_Given material_
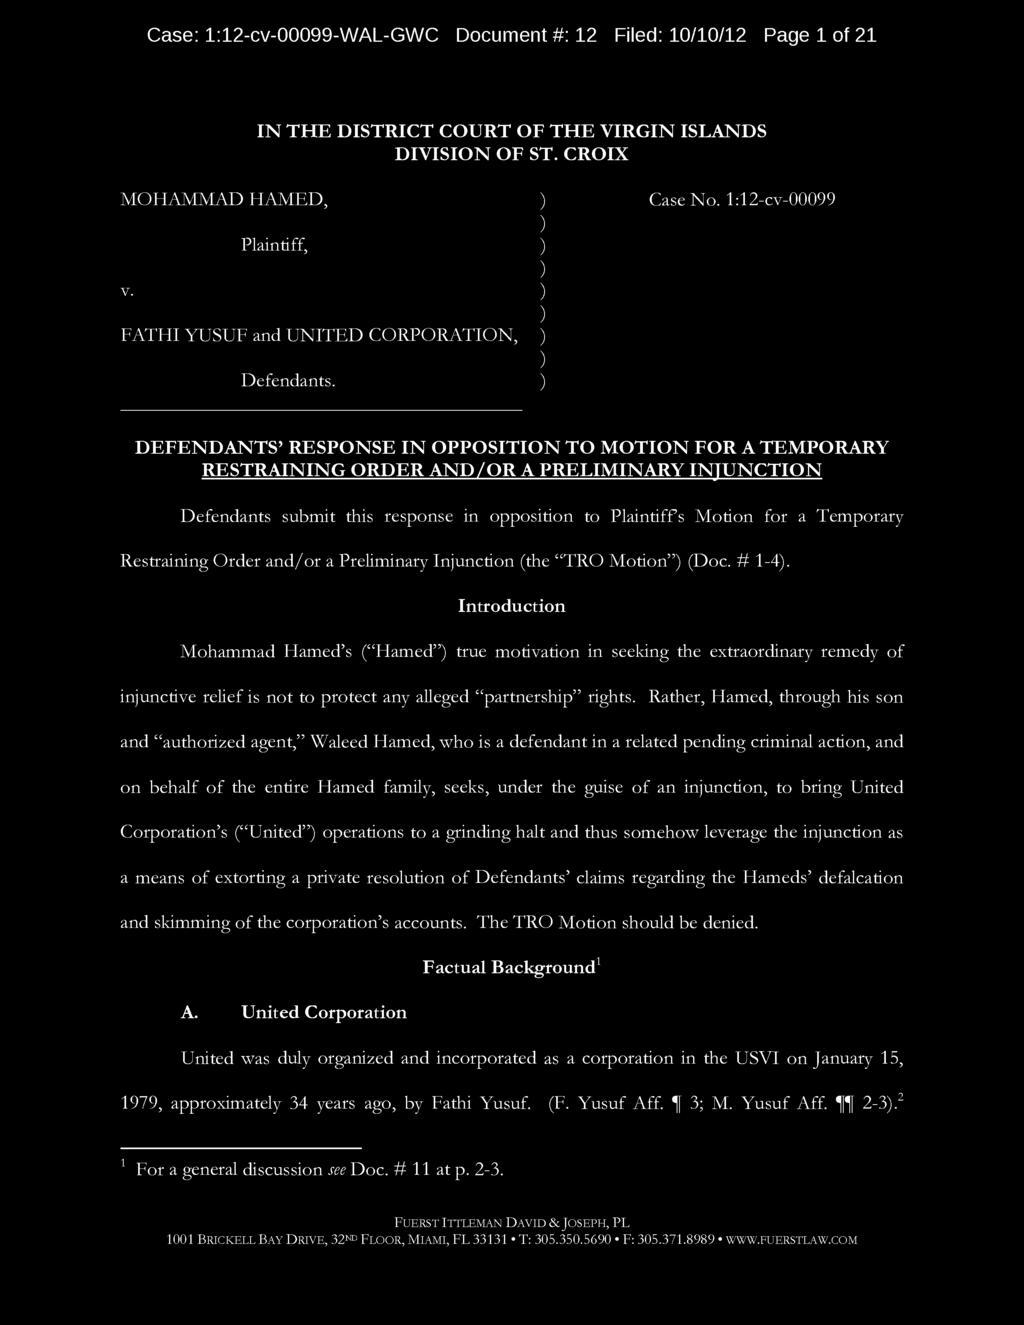 Case: 1:12 -cv- 00099 -WAL -GWC Document #: 12 Filed: 10/10/12 Page 1 of 21 IN THE DISTRICT COURT OF THE VIRGIN ISLANDS DIVISION OF ST. CROIX MOHAMMAD HAMED, Case No. 1:12 -cv -00099 Plaintiff, v.
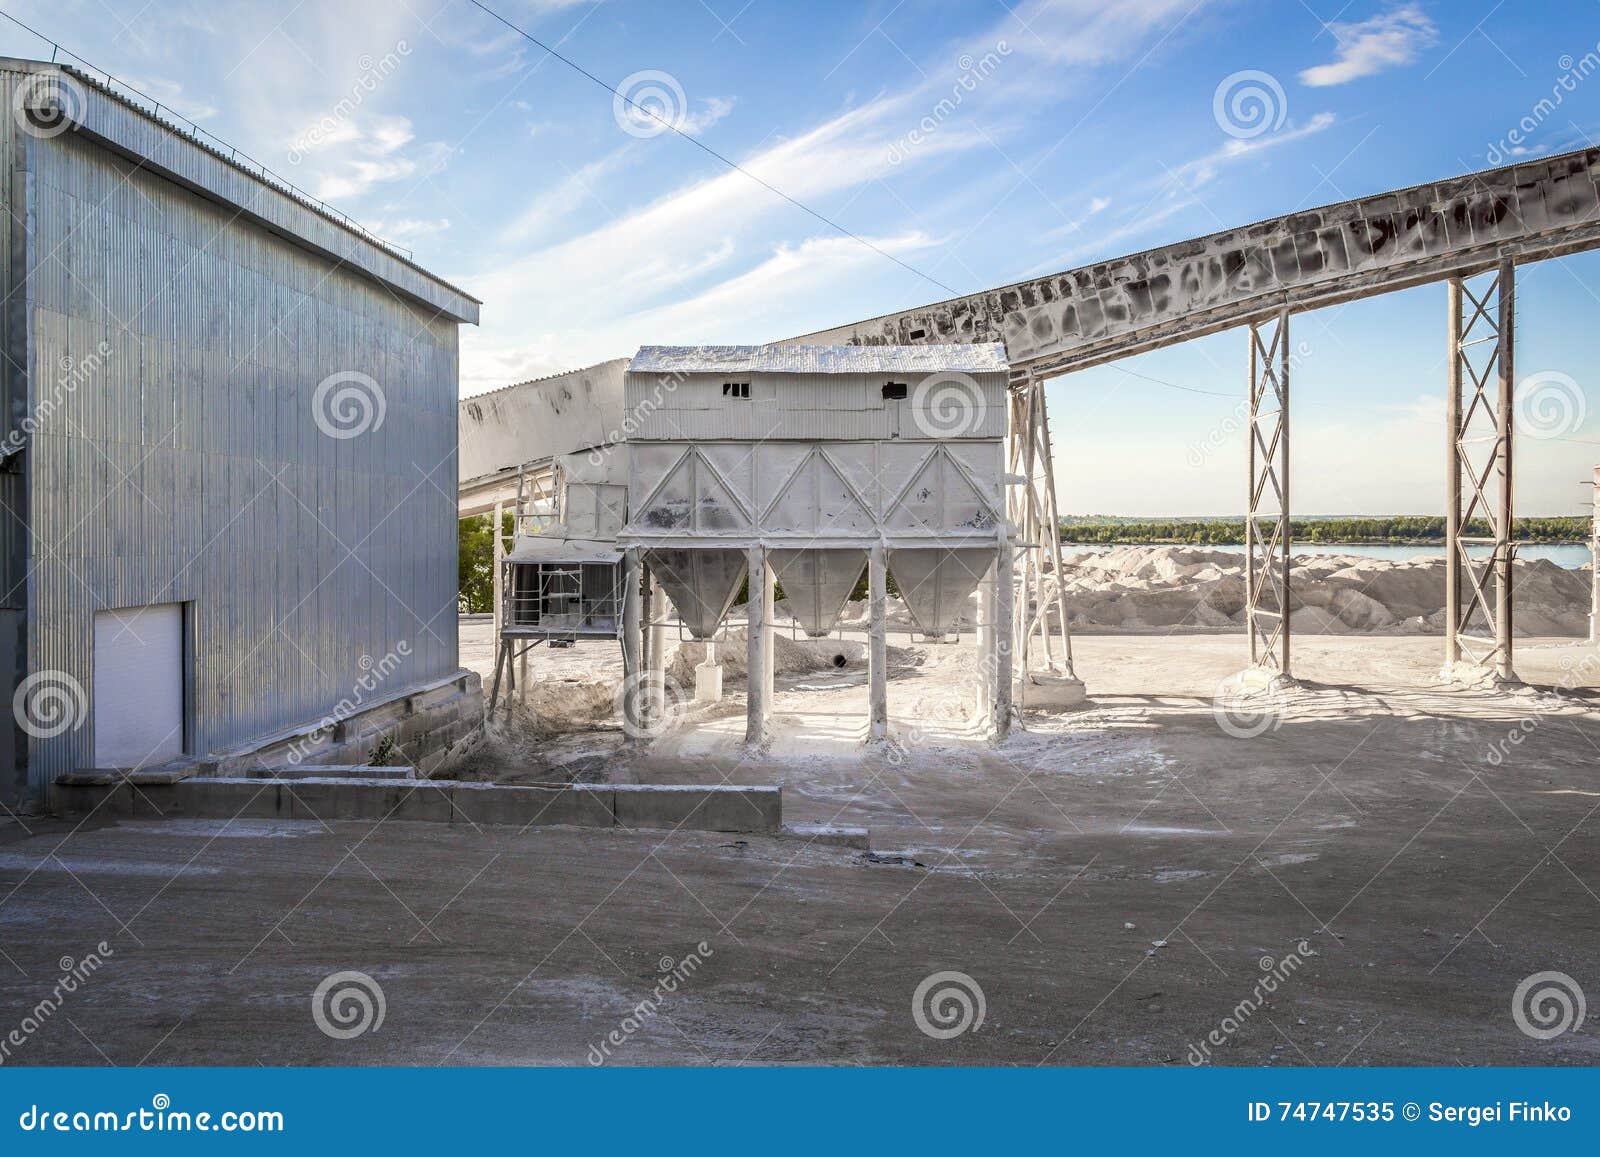 Part of a Small Cement Factory Stock Image - Image of machinery, color
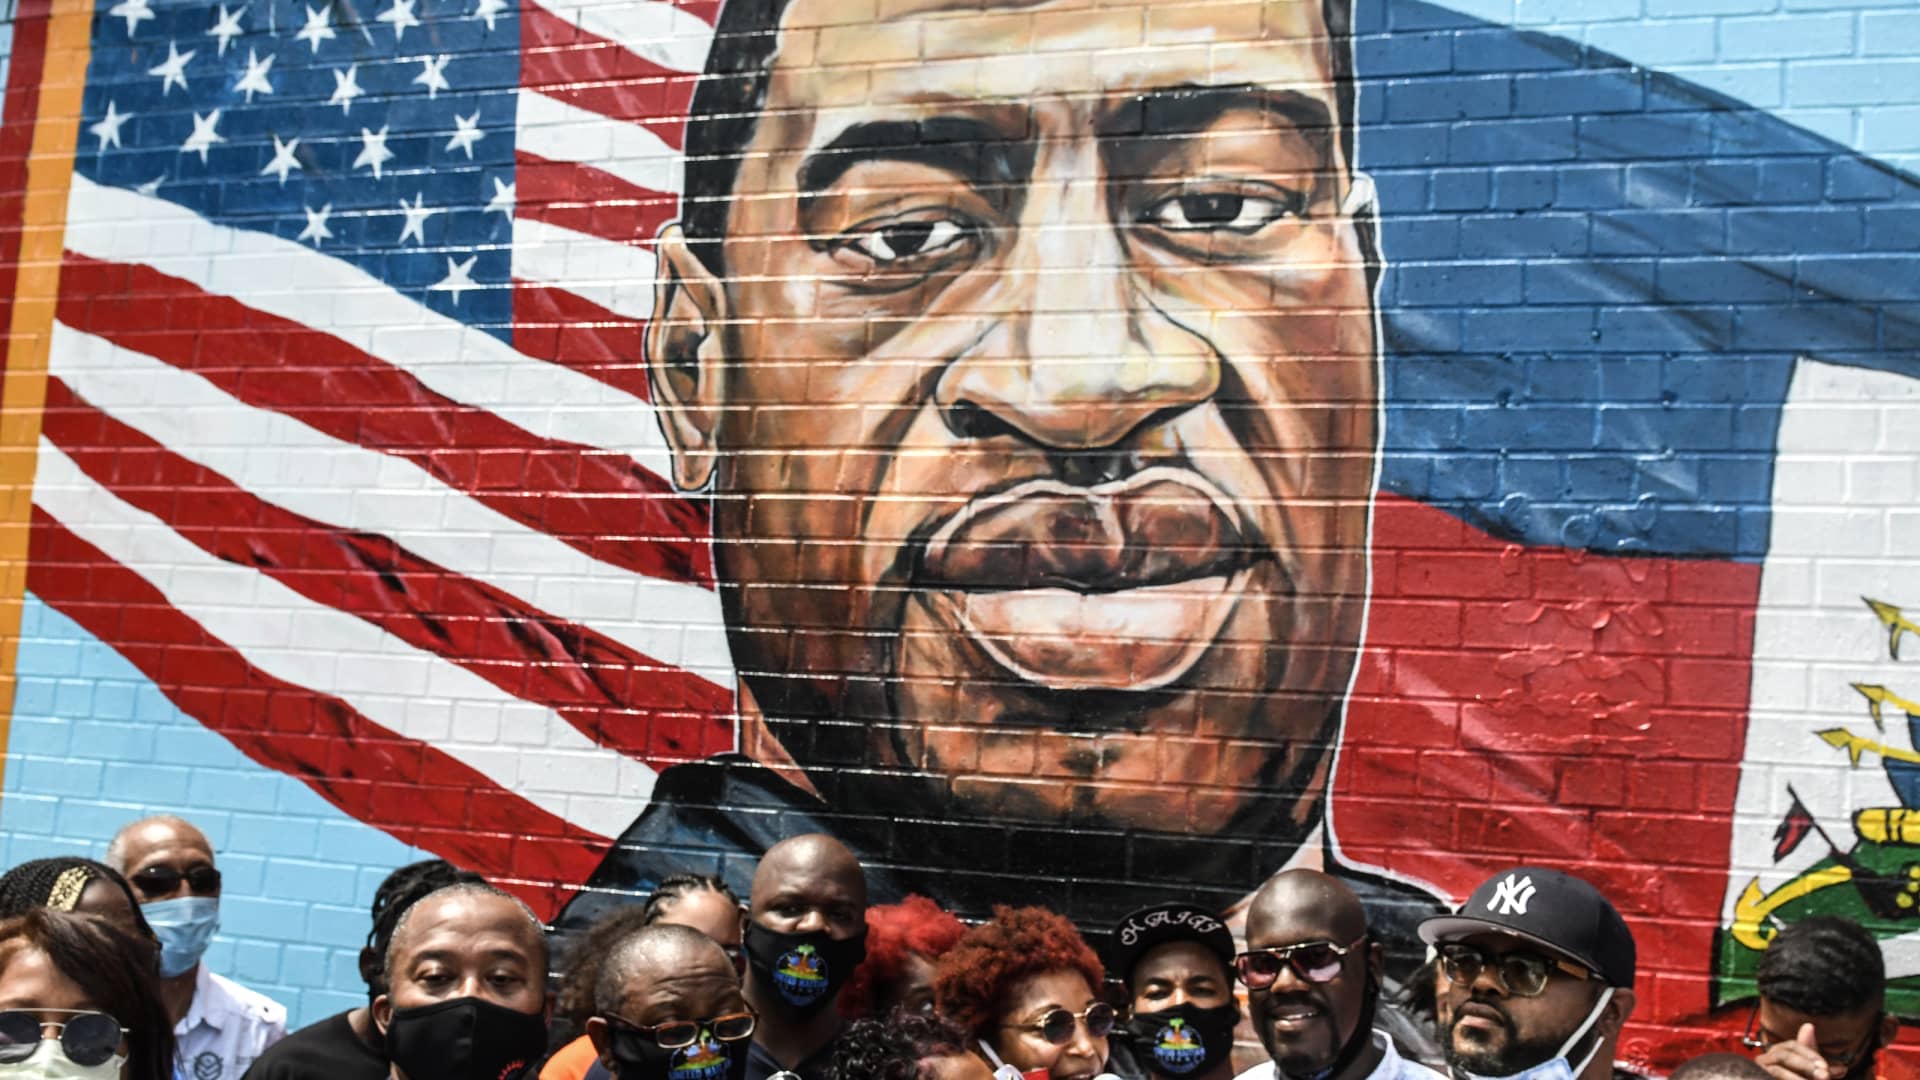 Terrance Floyd (R), the brother of George Floyd, attends a unveiling of a mural painted by artist Kenny Altidor depicting George Floyd on a sidewall of CTown Supermarket on July 13, 2020 in Brooklyn, New York City.
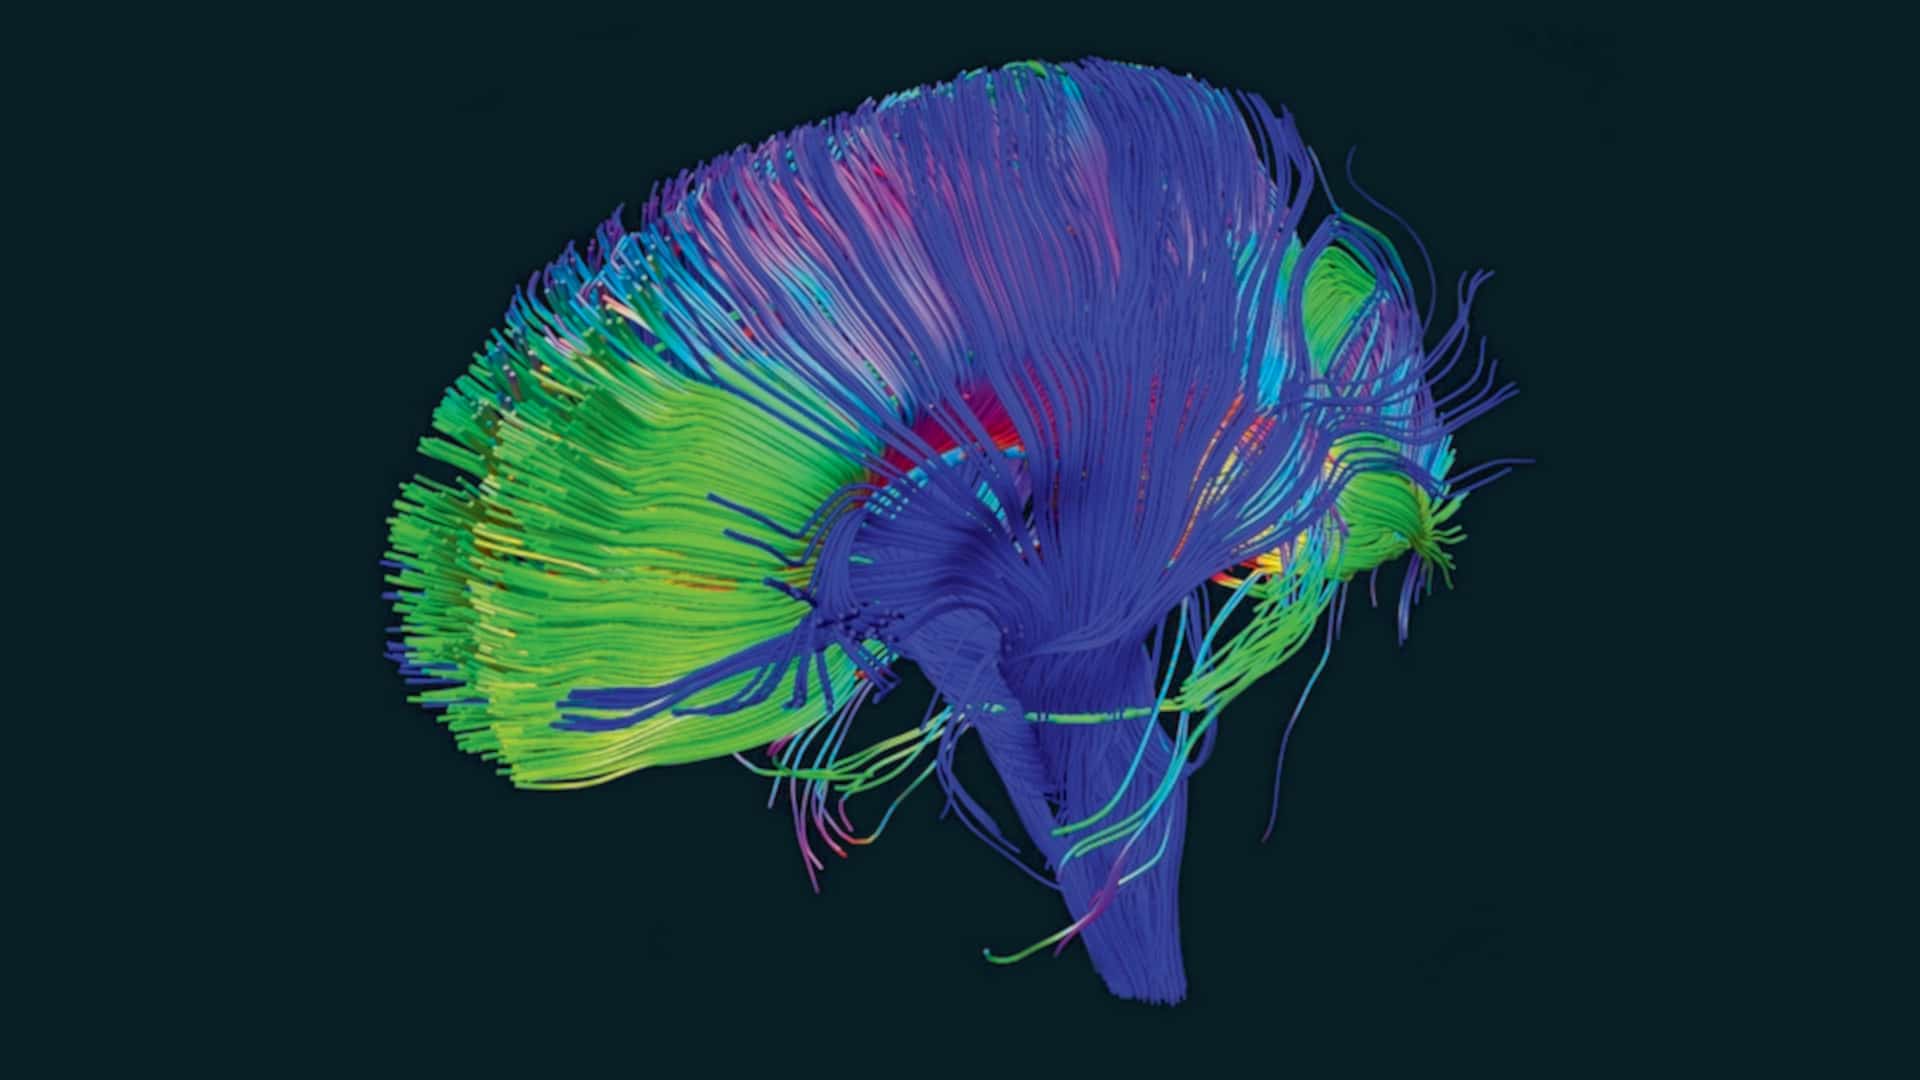 Neural pathways in the brain, determined from diffusion-tensor magnetic resonance imaging.

_The task_
Lines from the one holding "Terrance Floyd (R), the" to the end of the data, both ends included, are to be given again exactly; no pictures belong in the copy.

_Result of this exercise_
 Terrance Floyd (R), the brother of George Floyd, attends a unveiling of a mural painted by artist Kenny Altidor depicting George Floyd on a sidewall of CTown Supermarket on July 13, 2020 in Brooklyn, New York City.
 Neural pathways in the brain, determined from diffusion-tensor magnetic resonance imaging.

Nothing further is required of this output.